Filmage has received mostly positive reviews from critics. Rotten Tomatoes gives the film a rating of 100%, based on five reviews from critics, with an average rating of 7/10. Dennis Harvey of Variety said "As younger musicians here attest, many a better-known act might well never have existed without these pioneering units' influence, and Matt Riggle and Deedle LaCour's documentary captures their enduring appeal [...] There's plenty of archival interview and concert footage here, in addition to that shot by the directing duo, edited together into a package as tight and ingratiating as the music itself — of which there is, naturally, a ton soundtracked." Robert Abele of the Los Angeles Times called it "exhilarating and curiously moving" and said that "[it] is, at its throbbing heart, the band saga as creatively prolific identity crisis [...] Though the breathless tale and full-throttle tunes give Filmage plenty of rollicking energy, it's the through-line of genuine soulfulness and tireless artistic commitment that sets it apart."

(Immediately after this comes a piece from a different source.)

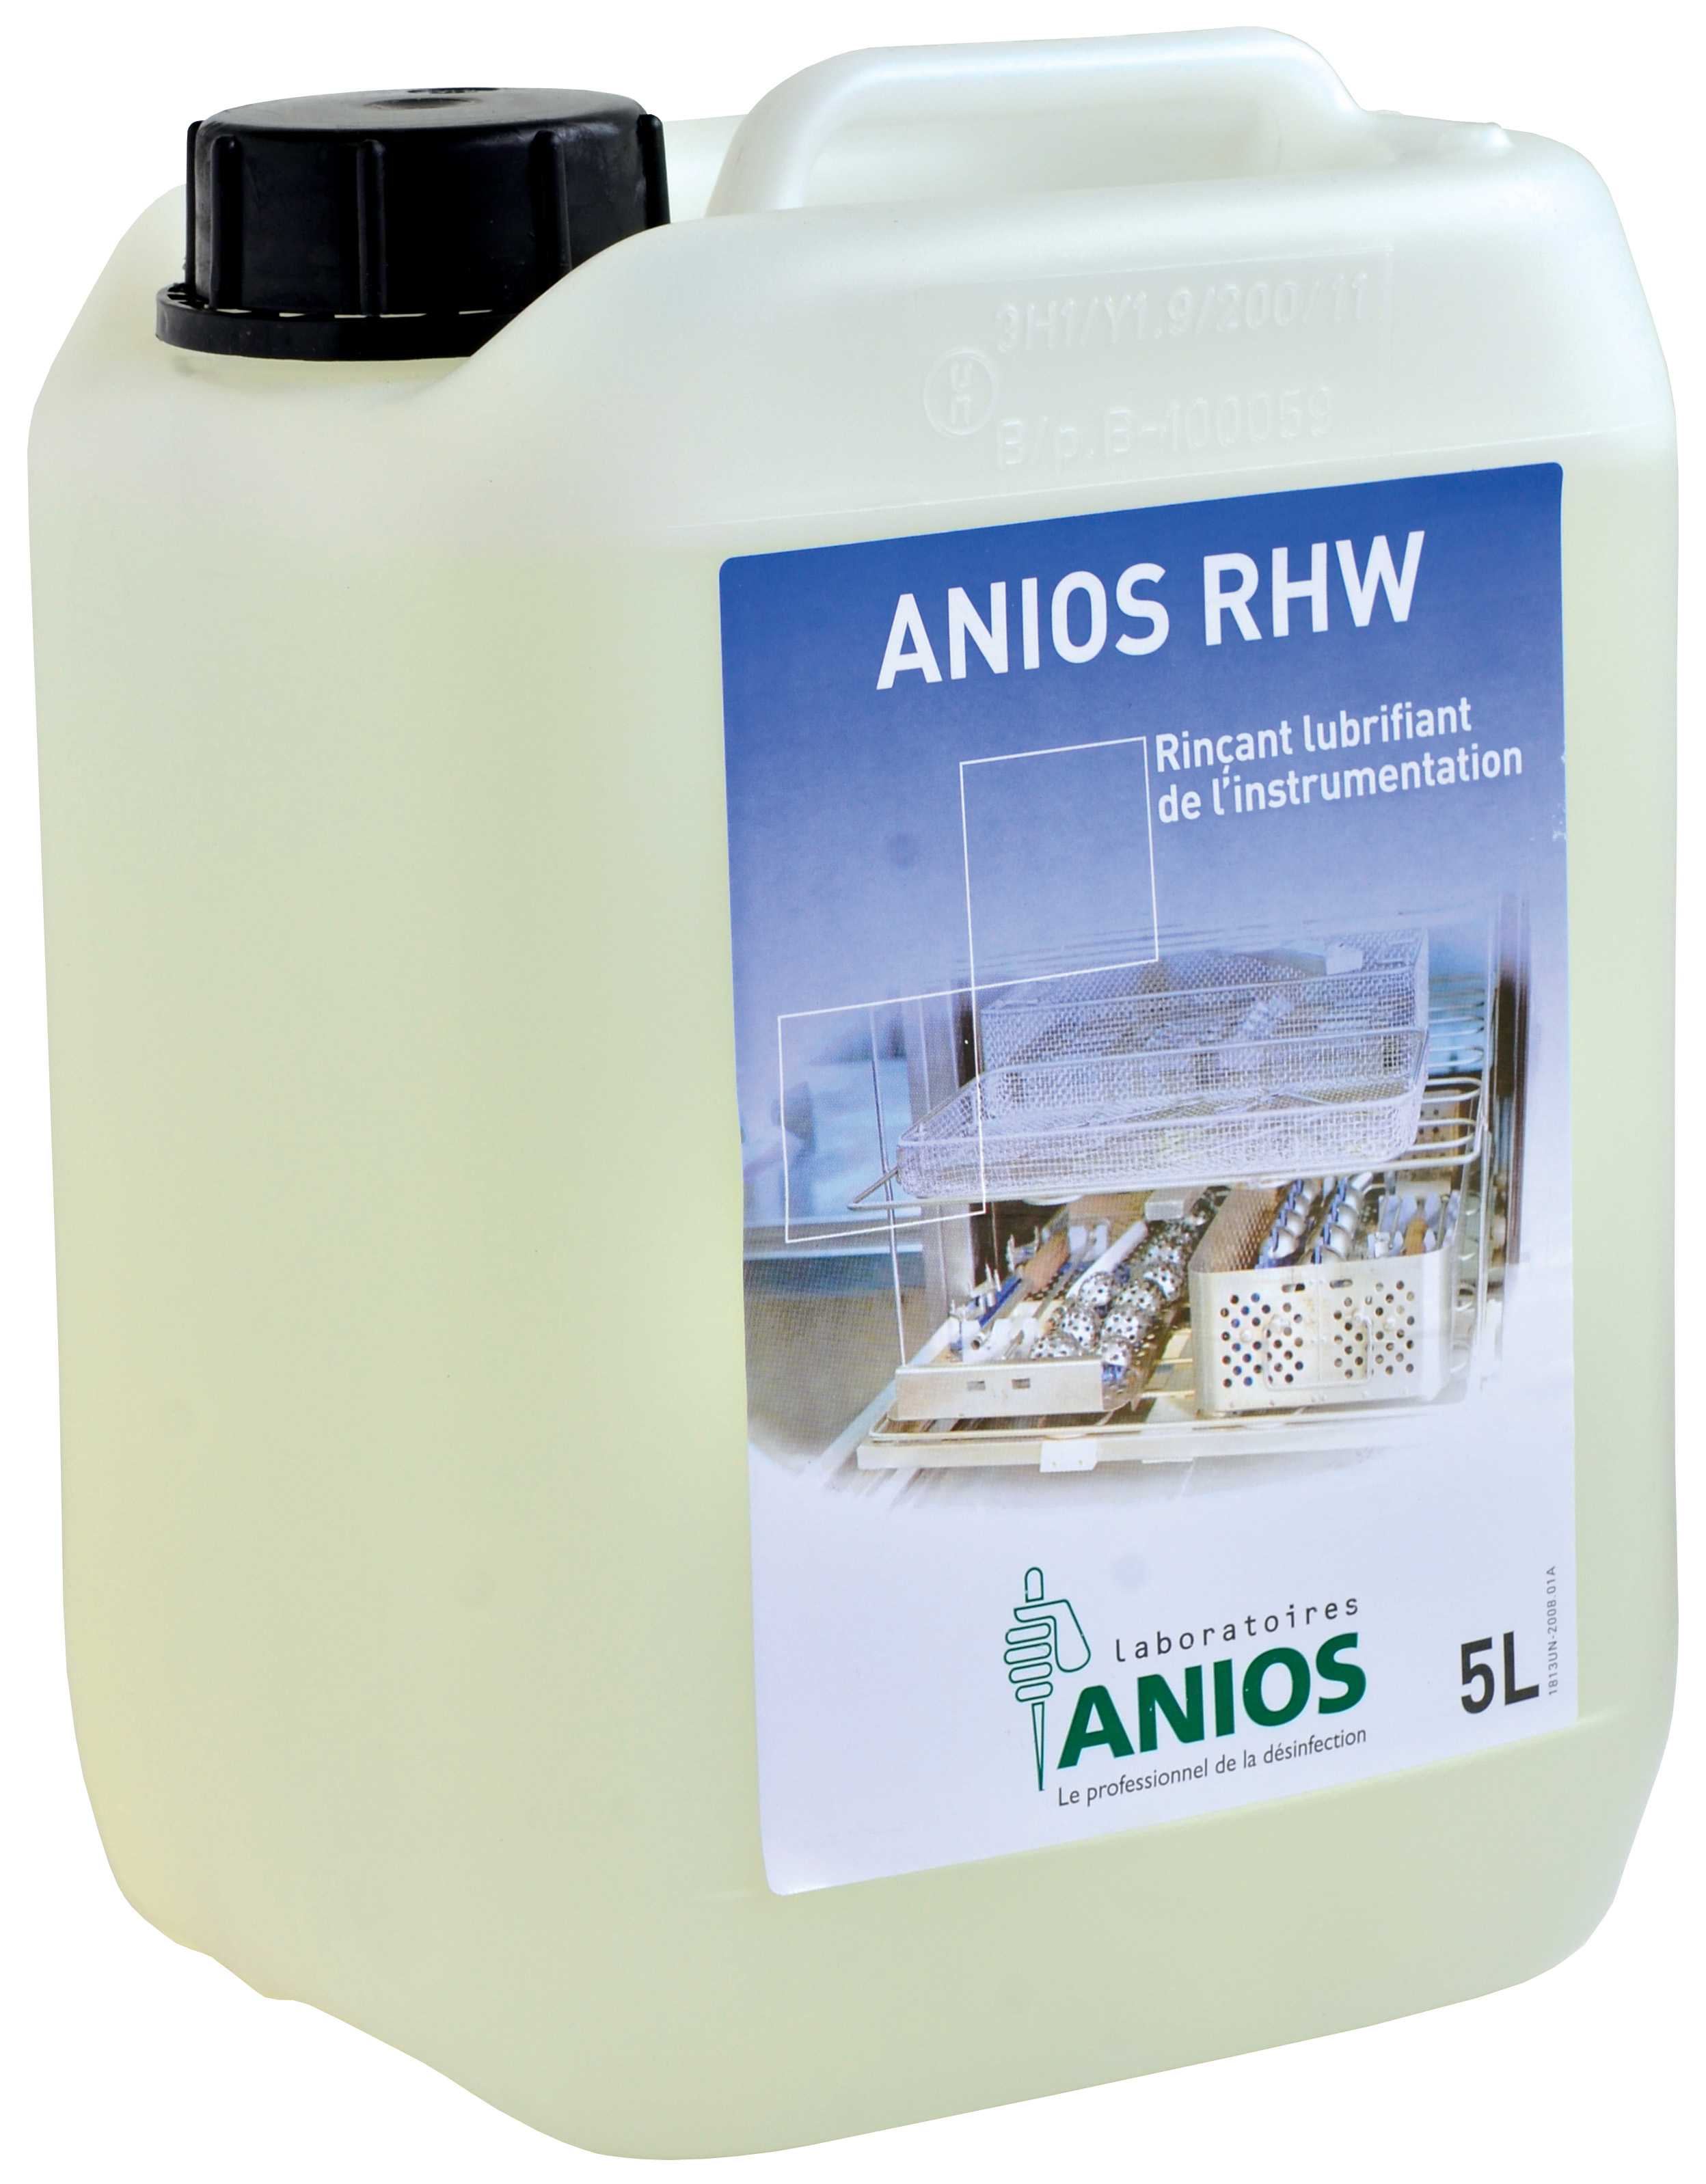 器械润滑快干剂 ANIOS RHW 1813038

Chris Packham of LA Weekly remarked "Bill Stevenson was the founding member and the nucleus of every incarnation, the band's charismatic constant, and the film is ultimately his story. He's as energetic and emotional in the interview segments as he is in archival performance footage. The directors link the decades and the lineups with channel-switching montages and band flyers with constantly changing rosters." Corey Hague of ABC Melbourne said that Filmage "has a ready built narrative that jumps around accordingly. It has to be said that it's not always easy to keep up with who's who, but thankfully it doesn't really matter — this is a well made documentary about the power of music and the people who make it."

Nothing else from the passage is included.